#### Directions
First find the line with "Morley Aby Gold Series Selector/Combiner", then reproduce it and all following lines of the data to the end, exactly and with no pictures, adding nothing.

#### Source material
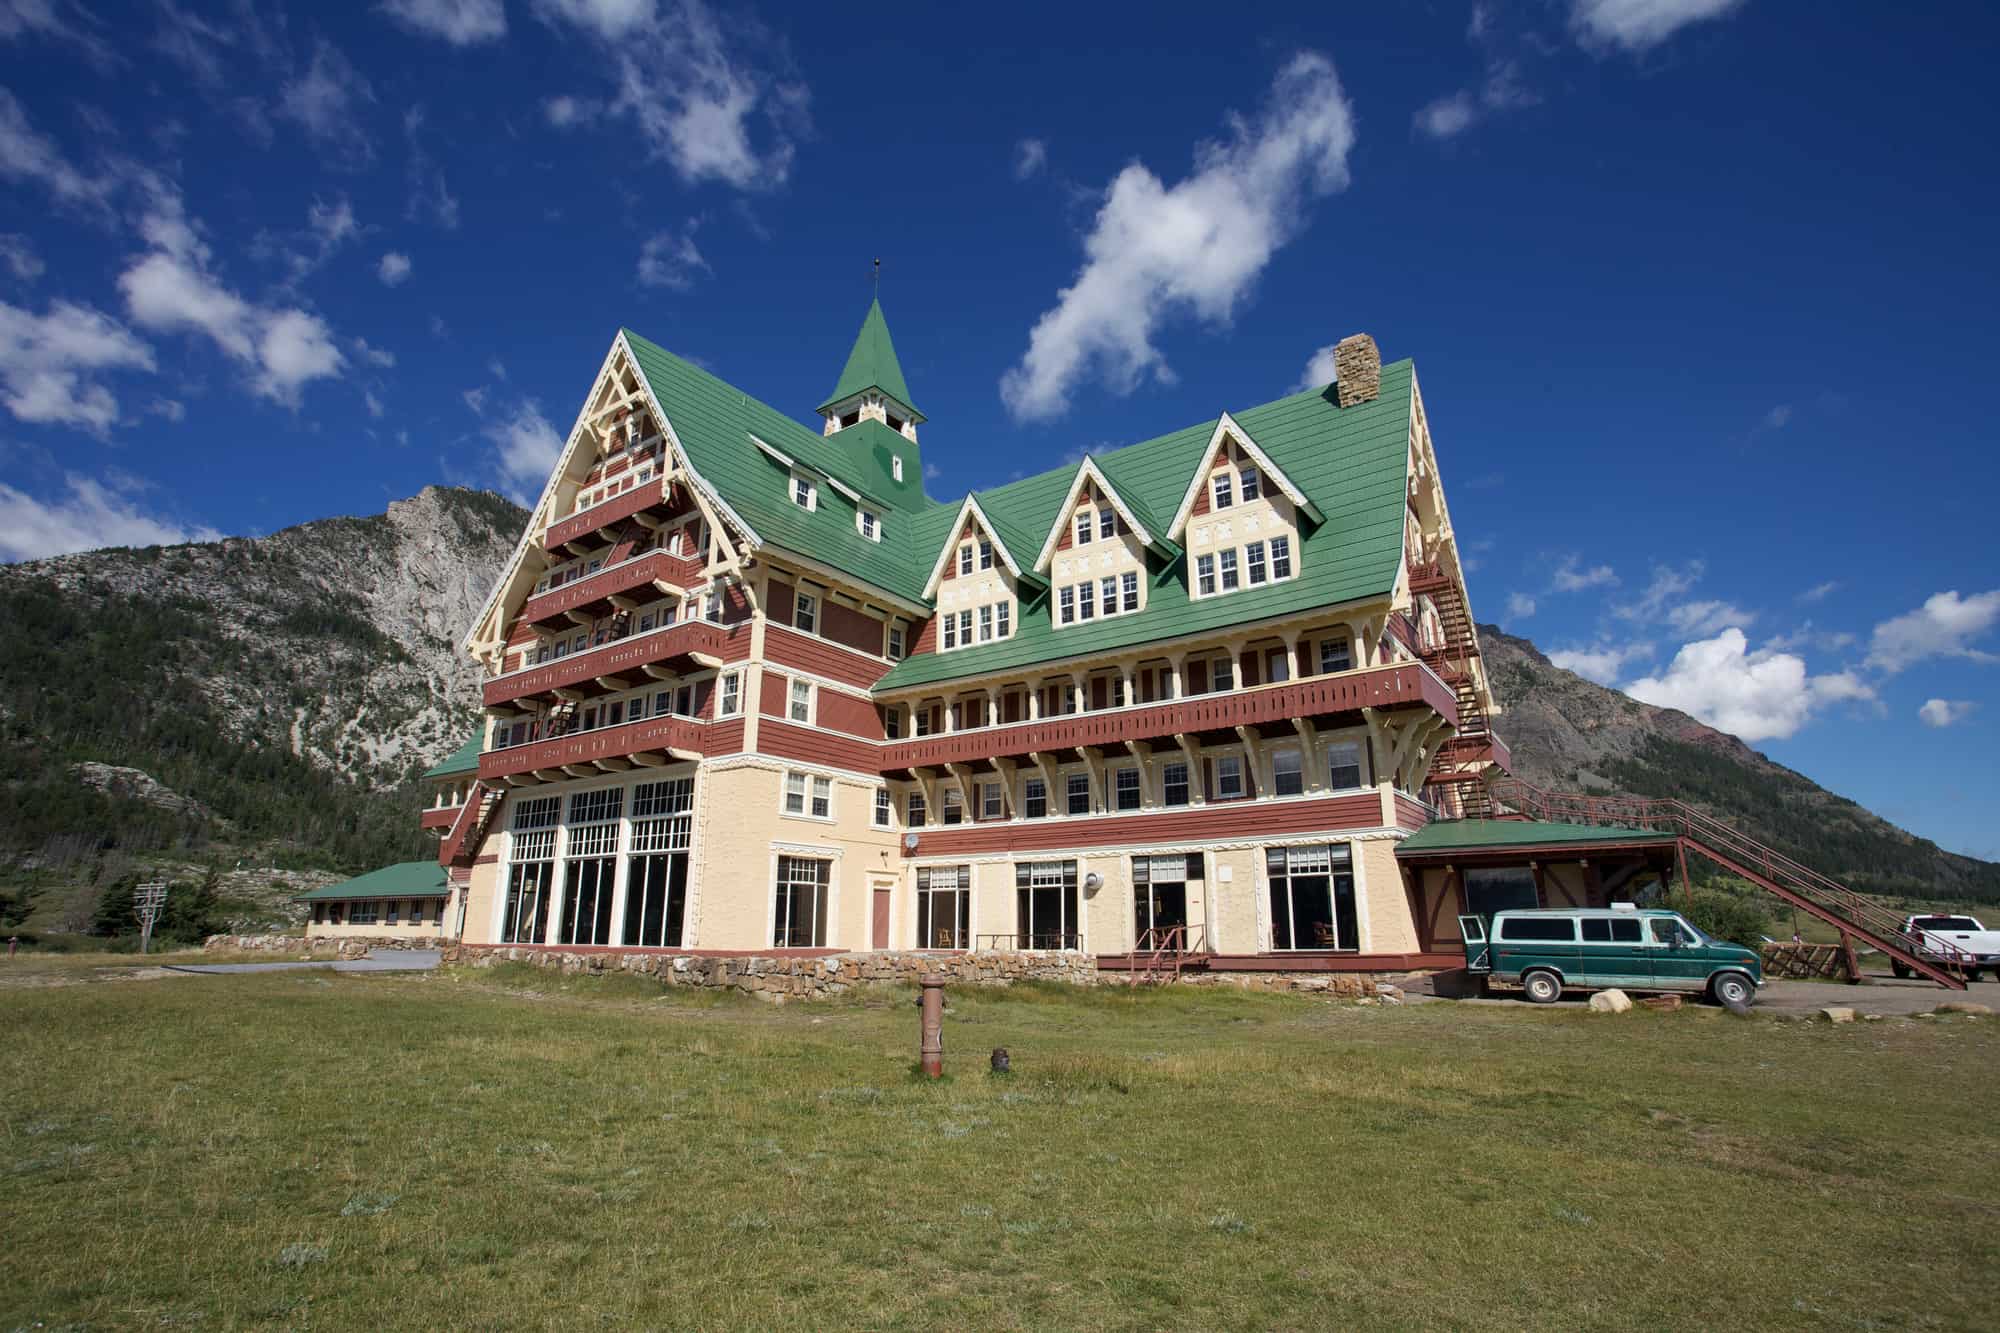 Prince of Wales Hotel am Ufer des Waterton Lakes
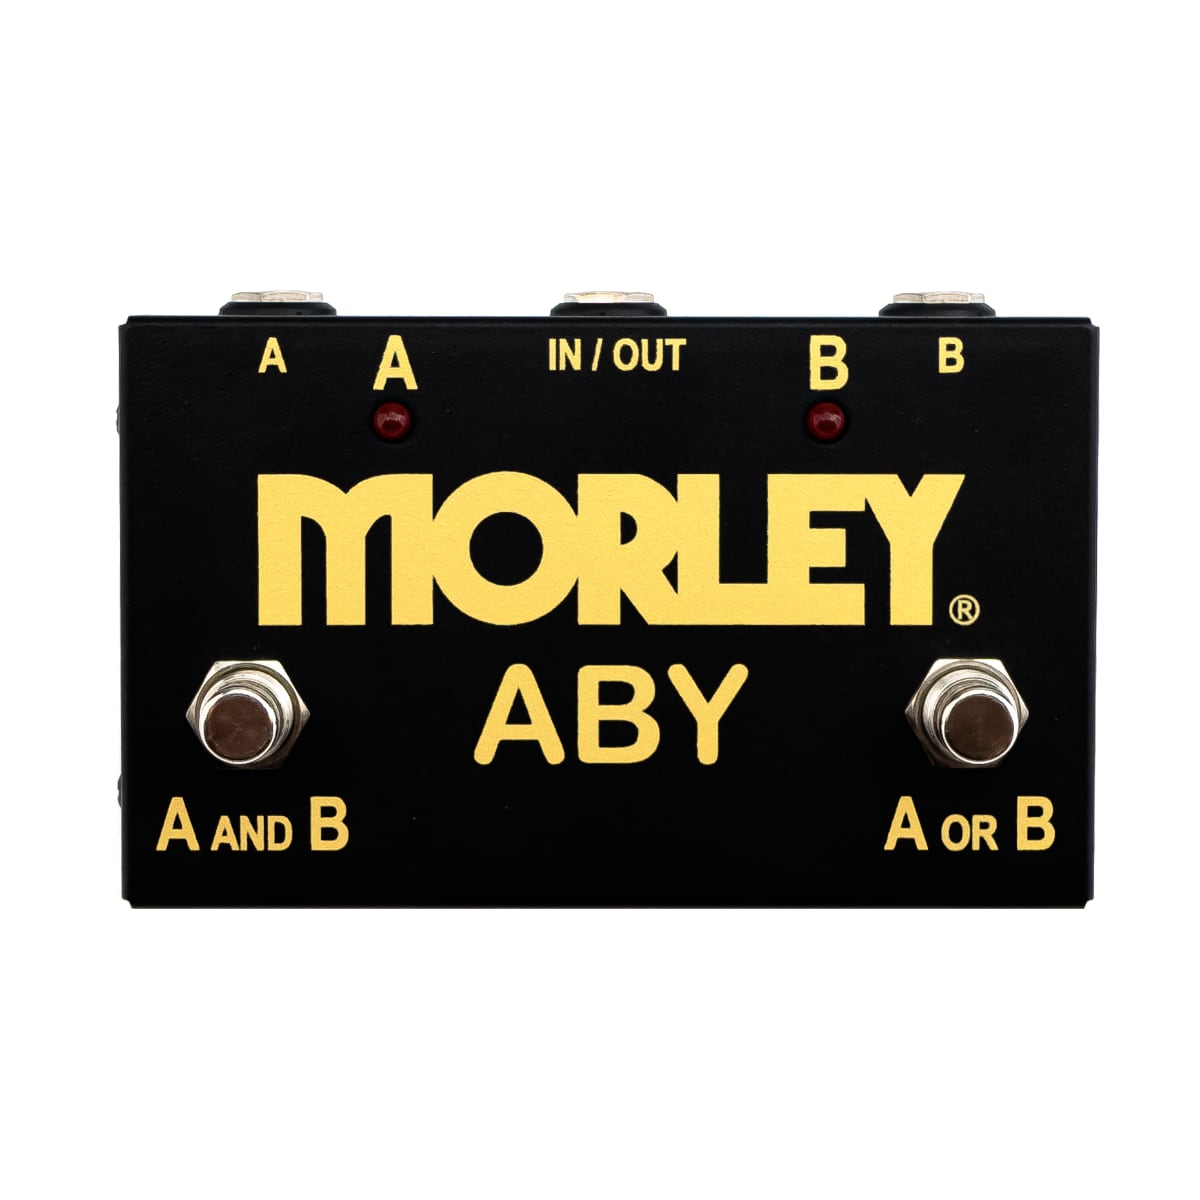 Morley Aby Gold Series Selector/Combiner
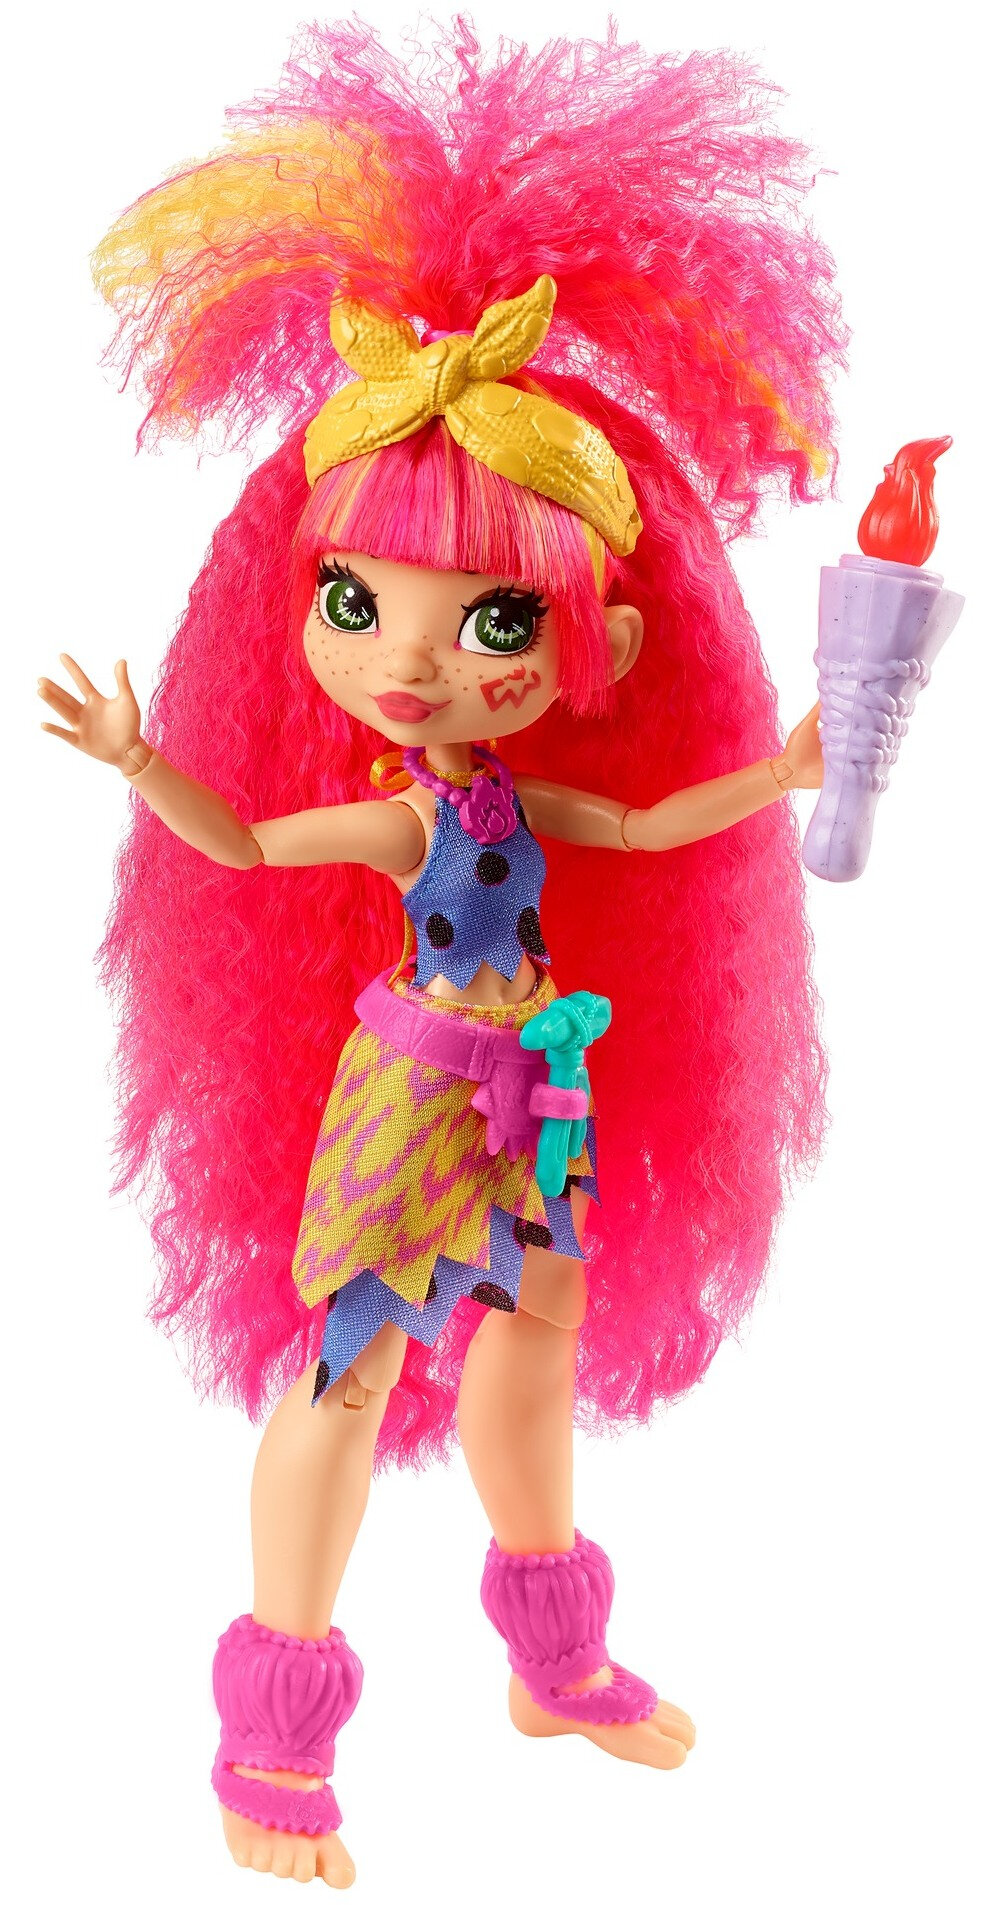 Cave Club Emberly Doll (8 - 10-Inch) Prehistoric Fashion Doll with Dinosaur Pet - image 1 of 7

#### Task solution
 Morley Aby Gold Series Selector/Combiner
 Cave Club Emberly Doll (8 - 10-Inch) Prehistoric Fashion Doll with Dinosaur Pet - image 1 of 7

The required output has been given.